The Siliguri corridor, or the so-called Chicken’s neck, refers to a very narrow track of land around Siliguri city in West Bengal that connects the North East to the rest of the country. China possibly threatening this land bridge induces a sense of vulnerability in India.
Harsh V Pant, vice president of studies and foreign policy at the think tank Observer Research Foundation, also suggested that any change to the status quo in Doklam would pose serious security concerns for India. “Any attempt by China to unilaterally create infrastructure and change the boundary at the Doklam will be taken very seriously by India,” Pant told Scroll.
Pant said another reason for India to oppose the deal is that a change of status quo in Doklam will set a dangerous precedent.

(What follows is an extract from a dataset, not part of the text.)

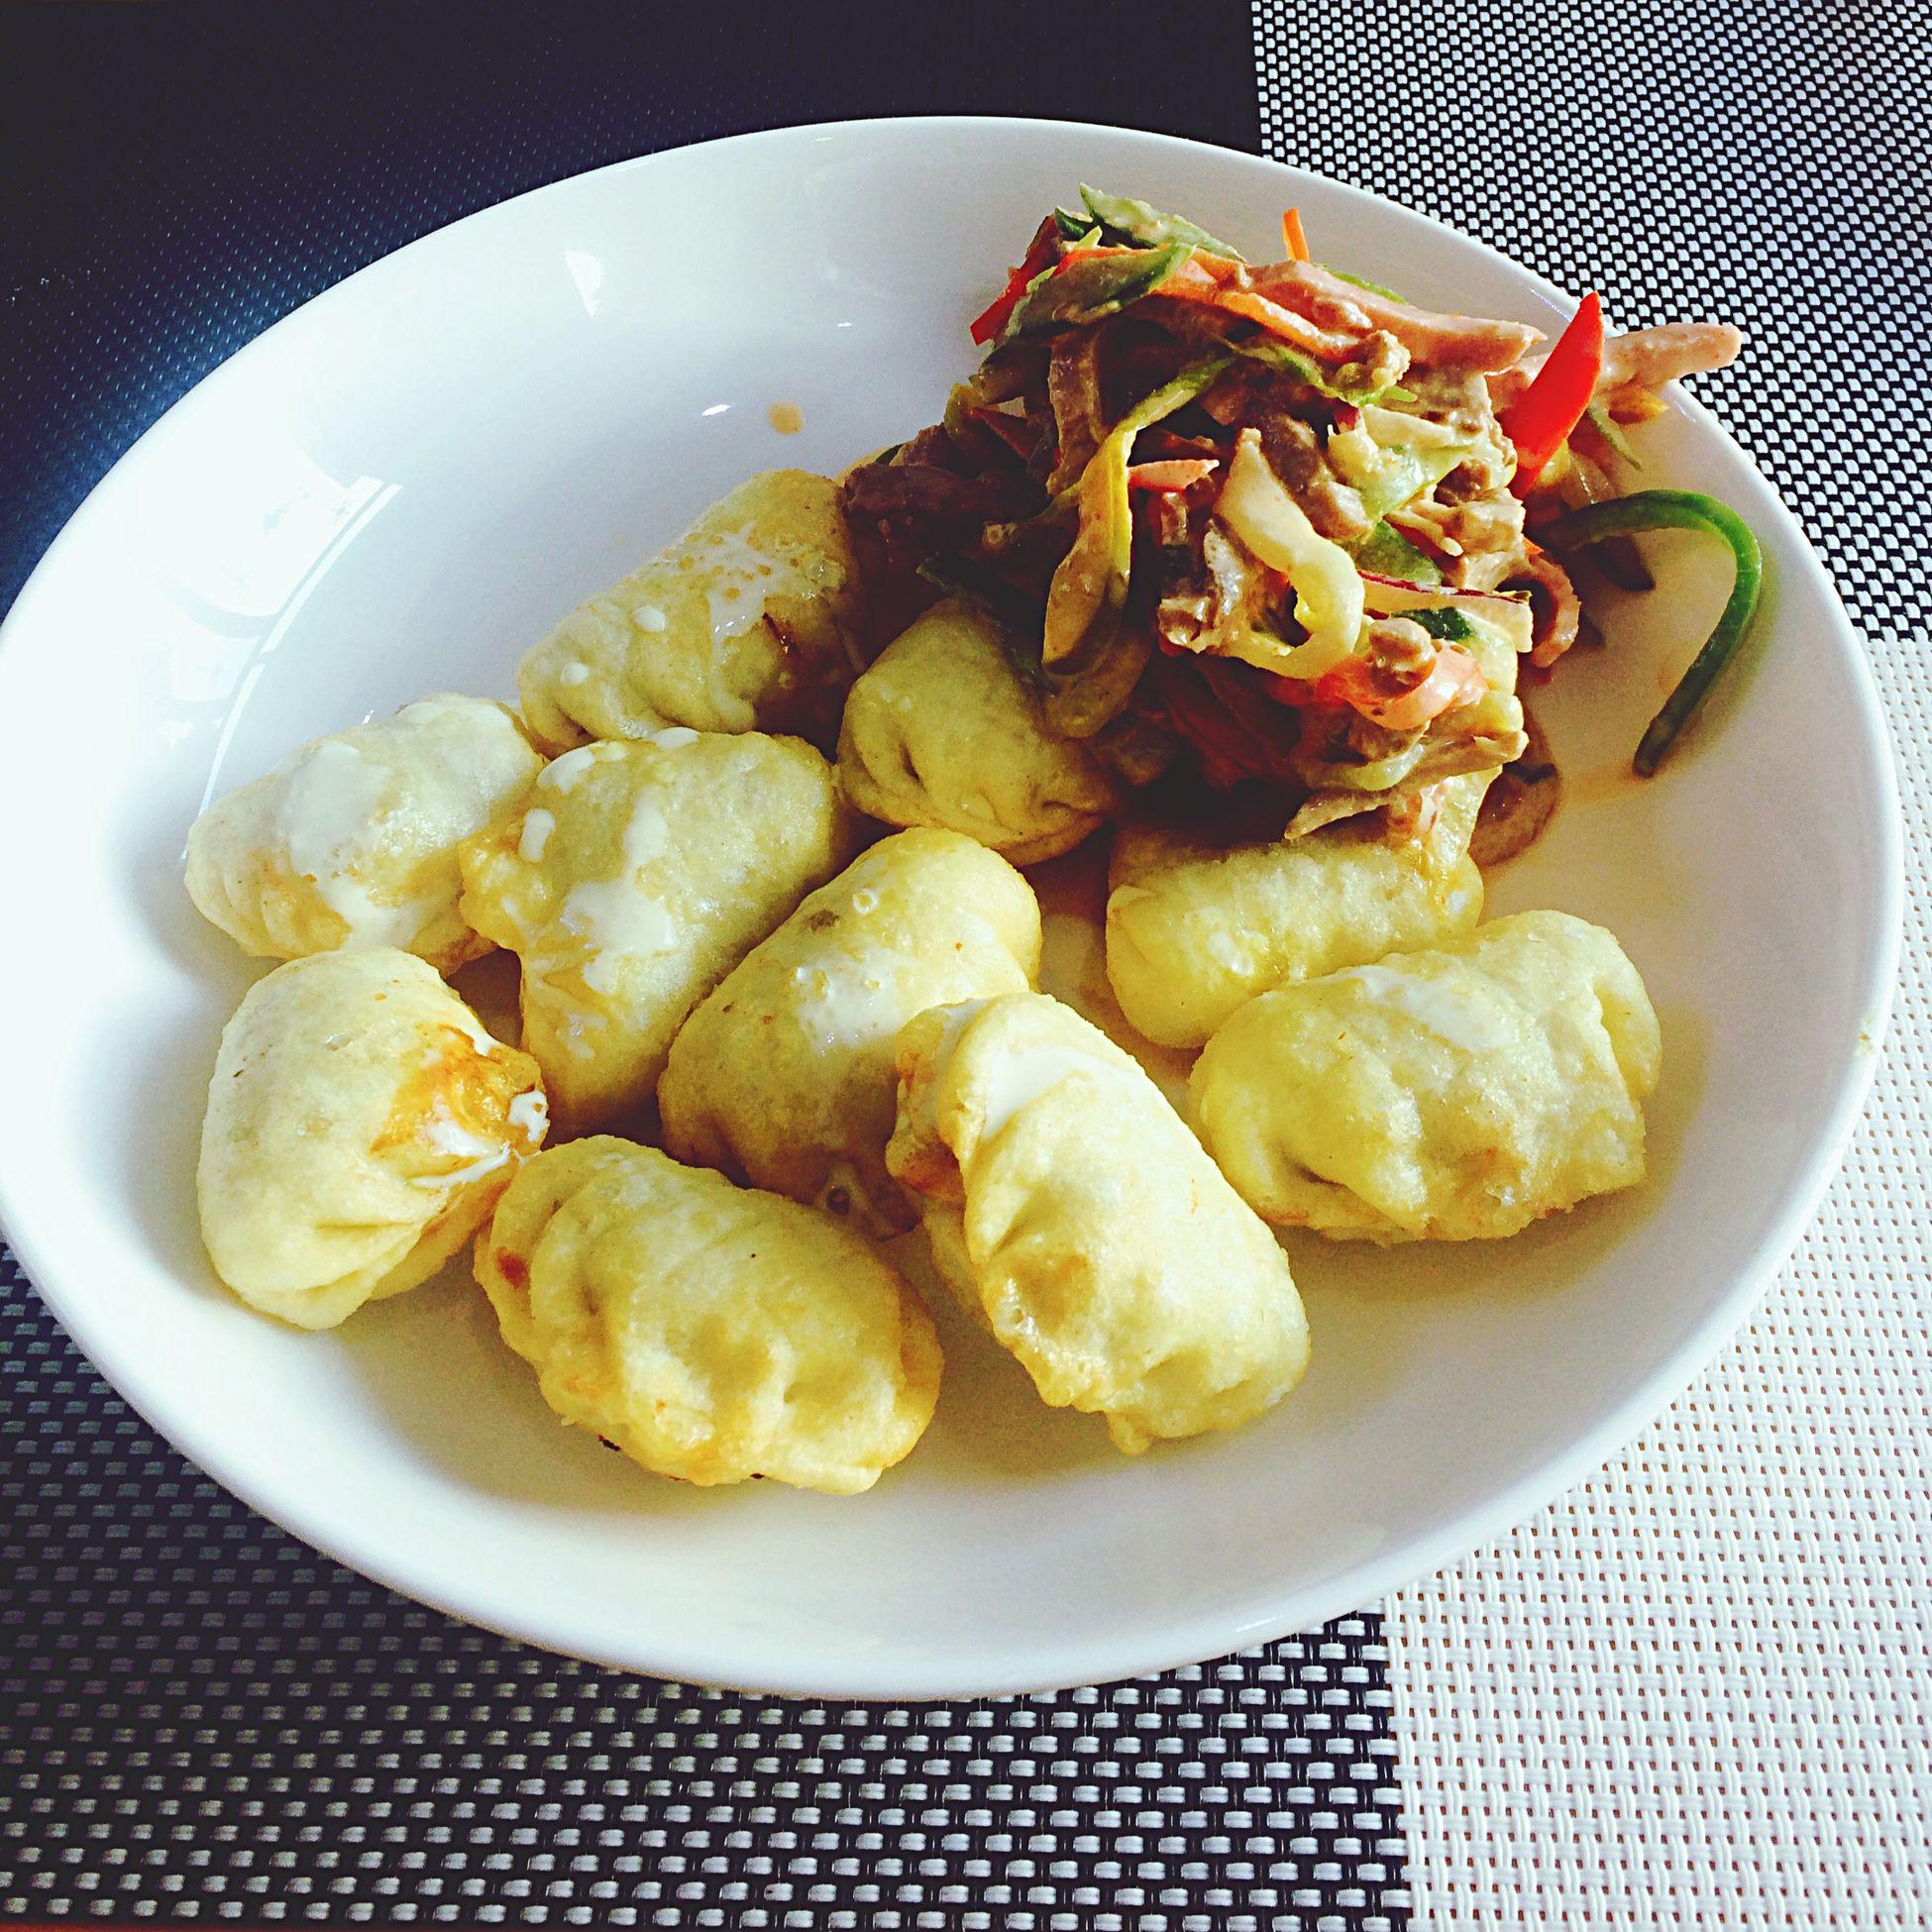 Naranbileg Restourant Lunch Time! Fried Dumpling

Author and journalist Manoj Joshi has previously pointed out that while Doklam has no particular significance to Bhutan itself, handing it over to China would be unfavourable for New Delhi due to India’s security considerations.
Similarly, Pant suggested that while resolving its border dispute through such a territorial barter with China might make sense for Bhutan, it would be “very dangerous” for Bhutan and India and their bilateral ties in the long term.
The experts, however, argued that the recent developments in Bhutan’s possible boundary dispute resolution with China and Tshering’s initial comments do not necessarily mean that Thimphu will give in to Chinese pressure on the package deal involving Doklam at this stage. “India and Bhutan have deep economic ties and they can’t risk an Indian blockade,” said Sushant Singh, a senior fellow at the Centre for Policy Research. “Bhutan won’t and can’t give up Doklam to China. India too won’t let that happen.”
Similarly, Pant highlighted that India will push for its interests given its perception about China. He said New Delhi will need to assertively tell Thimphu that China is now being seen as a very serious strategic challenge and not merely as a “problem state”. “Once Bhutan becomes more aware about these Indian sensitivities about China, it will become aware of the costs that will be imposed on it if it reaches that resolution with China,” he added.
Moreover, observers such as Barnett see Tshering’s comments as a reiteration of Thimphu’s position that discussions over the trijunction will involve India and not happen bilaterally with China. This is seen as a reassurance to New Delhi.